IN ORDER TO UNDERSTAND WHO IS DOING THIS, WE EXTRAPOLATE THE OCCUPATIONS OF EACH USER FROM THE SESSION LOG AND MAP THEM TO ONE OF THE 23 MAJOR CATEGORIES IN THE UNITED STATES BUREAU OF LABOR STATISTICS STANDARD CLASSIFICATION OF OCCUPATIONS (SOC). CATALOGUERS ARE REQUIRED TO JUDGE ONLY ON THE BASIS OF THE FOLLOWING SIGNALS: THE CONTEXT OF THE PROJECT, THE NAME AND STRUCTURE OF THE DOCUMENT, THE INFORMATION OR PRODUCT QUOTED BY THE USER AT THE BEGINNING OF THE SESSION, SUCH AS LEGAL DOCUMENTS, CLINICAL DATA, FINANCIAL REPORTS, COURSE MATERIALS, ETC., AND THE TERMINOLOGY USED BY THE USER. THE SORTER IS EXPLICITLY REQUIRED NOT TO CONSIDER "WRITING THE CODE" ITSELF AS EVIDENCE OF THE USER'S PROGRAMMING PROFESSION. ONLY IF THERE IS A CLEAR SIGNAL THAT THE SOFTWARE OR DATA WORK IS A USER'S OCCUPATION WILL THE SESSION BE CLASSIFIED AS A CODE-RELATED SOC CATEGORY, NAMELY, "COMPUTER AND MATH PROFESSION". IF A LAWYER CONSTRUCTS A SCRIPT FOR AUTOMATIC EXAMINATION OF THE ABSENCE OF CERTAIN TERMS IN A GROUP OF CONTRACTS, EVEN IF THE SESSION IS MAINLY ABOUT SOFTWARE, IT WILL BE PLACED IN THE LEGAL PROFESSION. IF THERE IS NO SIGNAL ABOUT THE USER PROFESSION, THE SESSION IS NOT CLASSIFIED。

We can extrapolate a career in about 70% of the sessions. It is not surprising that the “computer and mathematics profession” is the largest group in these classified sessions, as it covers most software-related work. The second is business and financial operations, art design and media, management, and life sciences, physical sciences and social sciences. In our sample, the fastest growing non-software occupational group is management, marketing and legal。

Work

From October 2025 to April 2026, there was a marked change in the composition of the work done using Claude Code. The most notable change was the decline in the proportion of sessions used to repair the damage code from 33 per cent to 19 per cent (see figure 4). Instead, more work around the code. The percentage of operating software rose from 14% to 21%. Writing and data analysis almost doubled, from about 10 percent to about 20 percent。

The value of the task itself is also on the rise. We approximate the economic value of each session by estimating the cost of the same type of work in the free-occupation market and calibrate it using real open job data sets. According to this indicator, the estimated value of the average session increased by 27 per cent between October and April. This increase occurred in various types of work. The value of the build, operate and repair categories increased by approximately 43 per cent, 34 per cent and 32 per cent, respectively. These price estimates are rough, so we use them primarily to compare trends over time between different missions rather than as direct readable dollar values. Details on how the mission value estimater was constructed are provided in the appendix。
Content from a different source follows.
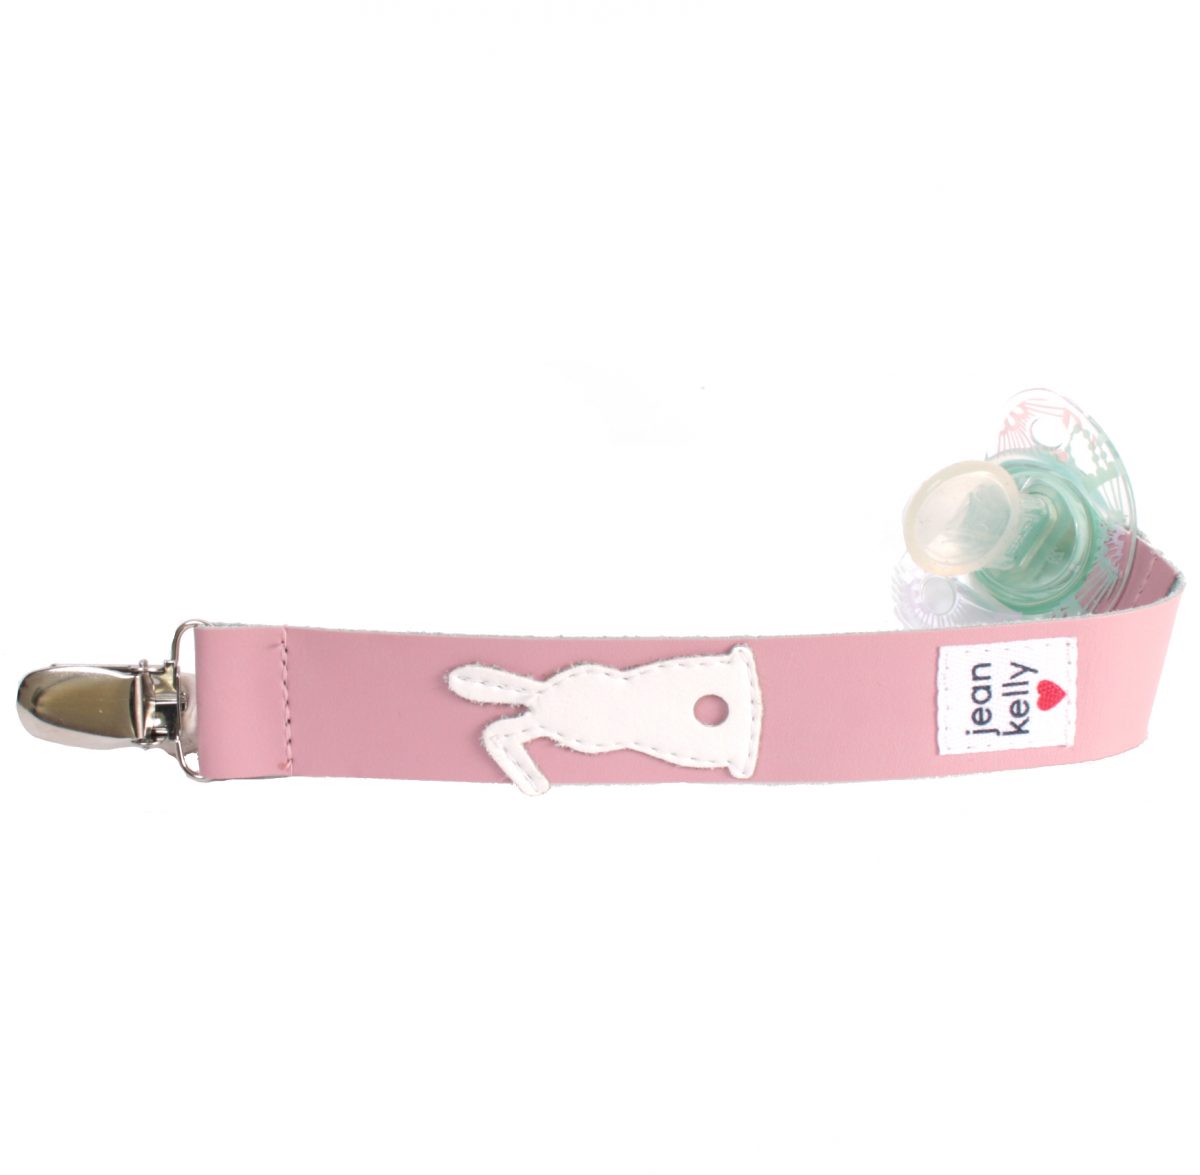 jeankelly_dummy clip pink bunny

Figure 4: Changes in the composition and value of Claude Code ' s work from October 2025 to April 2026. The chart shows the proportion of work patterns in sessions over the seven-month window period. The proportion of sessions to repair damaged codes decreased from 33 per cent to 19 per cent, while the share of operating software, analytical data and document writing increased。

Success depends on what the user brings

Estimating the value of the task is one way to understand how Claude Code can help people do their job. Another perspective is to observe how many sessions have been successful and what characteristics of the sessions are relevant to success. Among all the indicators of success, we see a clear pattern: the higher the level of professionalism shown by users in the sessions, the greater the likelihood of success. Most of the upgrades are concentrated at the lower end of the profession, i.e., the gap between start-up and mid-level users is greater than the gap between mid-level and expert users。
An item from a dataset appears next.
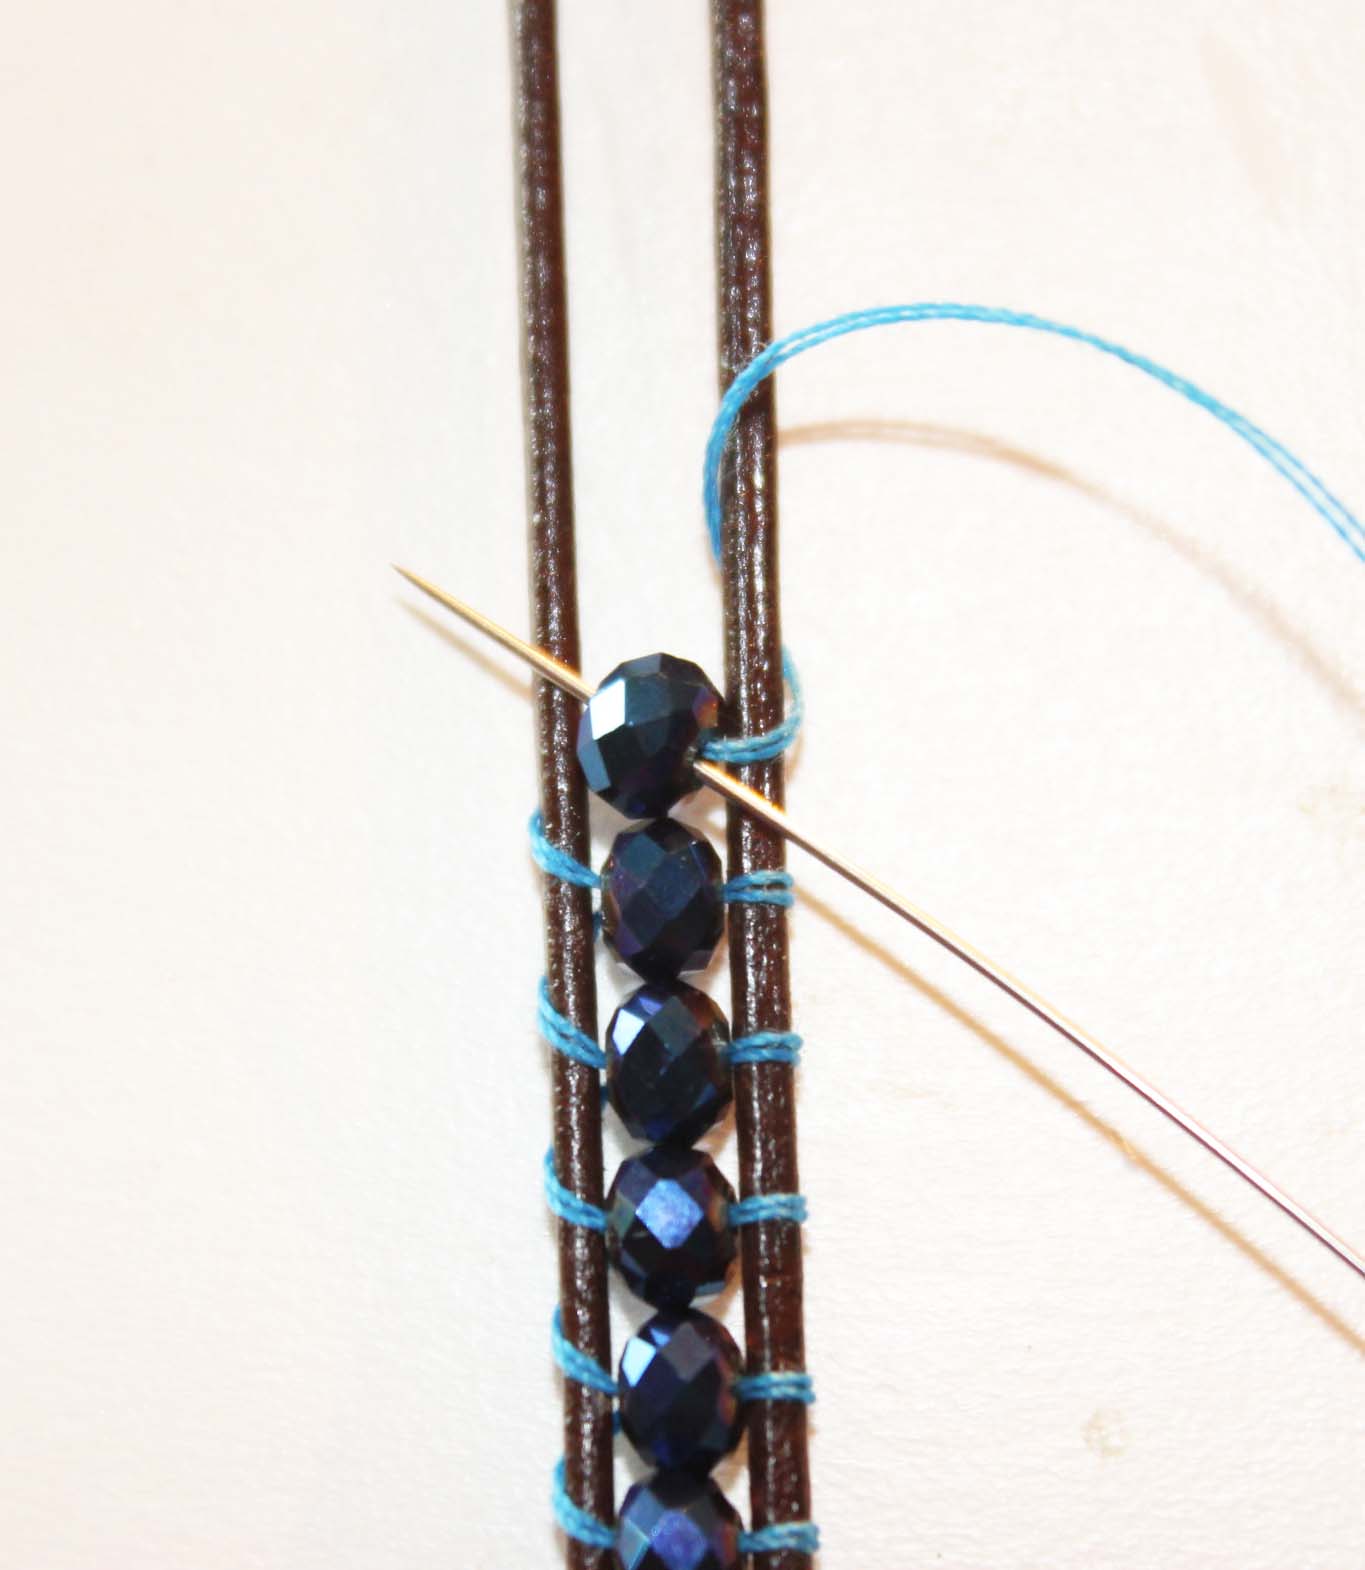 Back through the center of the bead and out over the top of the cord on opposite side

Before analysing the characteristics of a successful session, we need to state precisely how success is measured. We can't observe the real world results of users, nor can we ask them directly whether they did what they wanted through Claude. We therefore rely on two complementary measurement methods, based on session records. The first is "success" , where users are judged by whether they have achieved their intended goals, including success, partial success, failure, and lack of clarity. Subsequently, the two accompanying cataloguers will assess the evidentiary strength of the judgement in order to determine “experimental success”. The successful signal classifier seeks verifiable evidence of success, including, in particular, guit activities that match the job, such as submission and pull requests, test package passage and explicit user approval. It scores the sessions according to the scale from "no signal" to "weak signal" (1 minute) to "multiplier hard signals" (5 minutes). Another parallel failure signal classifier rated evidence of errors, including errors, failed tests, repeated attempts at the same thing, and user objections to output. Both conditions are required for a proven success: the session is judged successful and there is at least one hard verifiable sign of success. The following analysis focuses on the degree of success or failure in the sessions, so we exclude those that have been identified by the successful outcome classifier as "undefined objectives " , which is approximately 7.7 per cent of the total sample。

Professional returns

So, which sessions are the easiest to succeed? The results show that the above-mentioned professional rating of the session has a significant impact on its success。

There may be concerns that professionalism is not the real driver. Perhaps the experts chose different mandates or there were differences in other areas. In this section, we partly respond to this concern by comparing the same type of work, the same estimated value, the same month, the same subject matter, and the conversation from the same broad occupational group, and look at how different professional levels of users can affect results。

Table 2: Definition of success and failure derived from the classification. The example is from the real session in the open smart body programming interactive dataset SWE-chat, which is marked by our taxonomy after rewritten and summarized。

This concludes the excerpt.